Title
#data-discussion
c

Comte Frédéric

08/12/2022, 10:01 AM
Using spark with s3, there is a triple ( or a double depending on the output file commiter algorithm version) write for each output data which is painful on S3. I guess with lakeFS it could solve this kind of problem. Is it already the case ?
Oz Katz

Oz Katz

08/12/2022, 10:08 AM
Hey @Comte Frédéric ! Excellent question 🙂 we have an open proposal to provide such functionality using a custom Spark OutputCommitter
10:09 AM
If you have opinions or feedback we’d LOVE to hear them via an issue or pull request to the proposal.
c

Comte Frédéric

08/12/2022, 10:59 AM
Oz Katz

Oz Katz

08/12/2022, 11:02 AM
Yes! We'll probably support that using the lakeFS Hadoop Filesystem that does direct data access, as you mentioned above 🙂
11:02 AM
Are you already using lakeFS?
c

Comte Frédéric

08/12/2022, 11:03 AM
not really, just offer this new service on my dataplatform
11:04 AM
and thinking how to use it for my users
Ariel Shaqed (Scolnicov)

Ariel Shaqed (Scolnicov)

08/12/2022, 2:56 PM
As @Oz Katz says, it will be offered as part of lakeFSFS. But you're right it might work separately... In a sense it will be easier to use with lakeFSFS than without! In both cases you need credentials for lakeFS and for S3, the only difference will be in wiring up the proposed LakeFSOutputCommitter. It turns out that this is easiest to configure by FileSystem. I plan us to start by offering just on top of lakeFSFS; if people make a case for using it with S3AFileSystem then we'll see how to add it.
2:04 PM
Forgot to add: For S3 itself, new Spark versions provide the "magic outputcommitter" that is supposed to be quite good.
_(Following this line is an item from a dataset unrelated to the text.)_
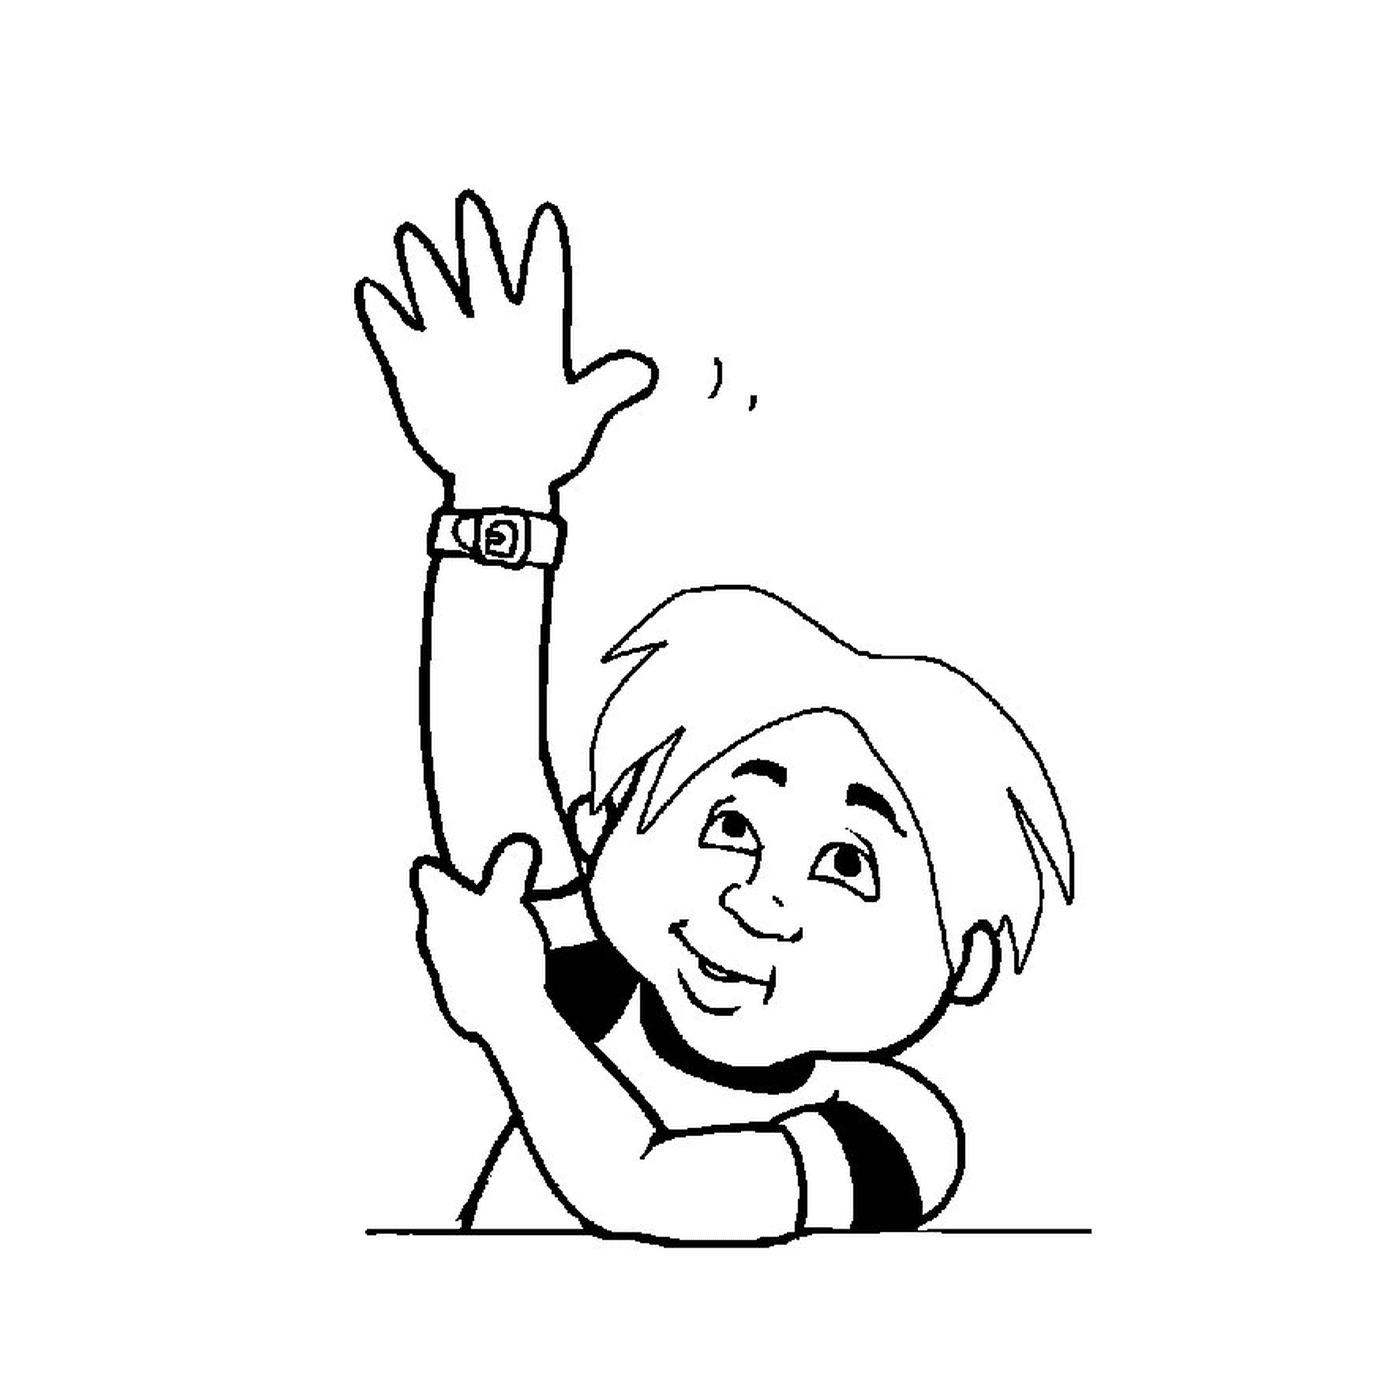  child raising joyful hand 
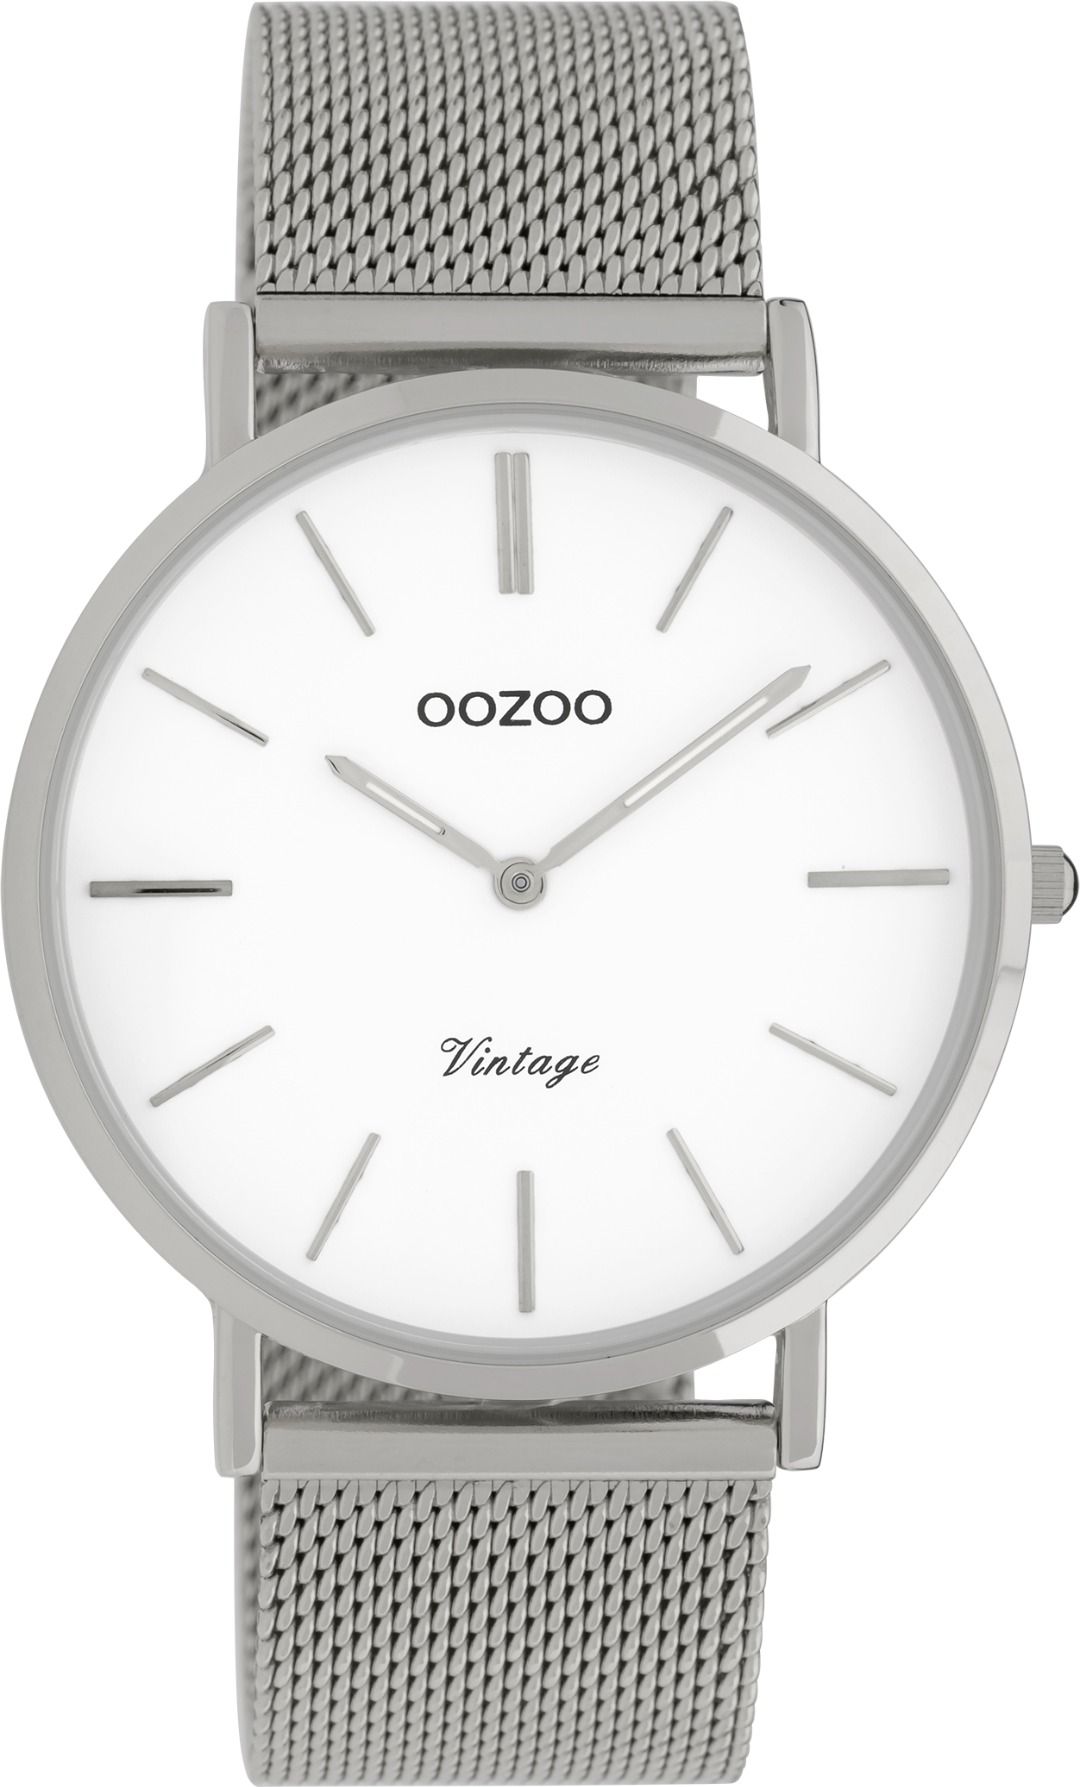 OOZOO Vintage 9901 - 40 mm

It depends on the new consistent behaviour of S3. I sometimes find myself bewildered by the Spark/Hadoop support matrix for enabling this feature safely. (Also it might not work for other "S3-compatible" object stores, if those are not consistent.)
c

Comte Frédéric

09/08/2022, 10:54 AM
Yes, we enabled magic commiter by default in our datalab
10:57 AM
but it's writing file in S3 , with the lakefsoutputcommiter it will not
Ariel Shaqed (Scolnicov)

Ariel Shaqed (Scolnicov)

09/08/2022, 12:13 PM
Indeed -- I do not expect the magic committer to work with LakeFSFS (and indeed LakeFSFS does not report it is magic-capable). I am building the case for adding the above OutputCommitter to LakeFSFS on the potential wins PR. Could you help me add your use-case (ideally with its expected scale) to this PR? It will help me boost its priority. (Applies to any potential users, of course!)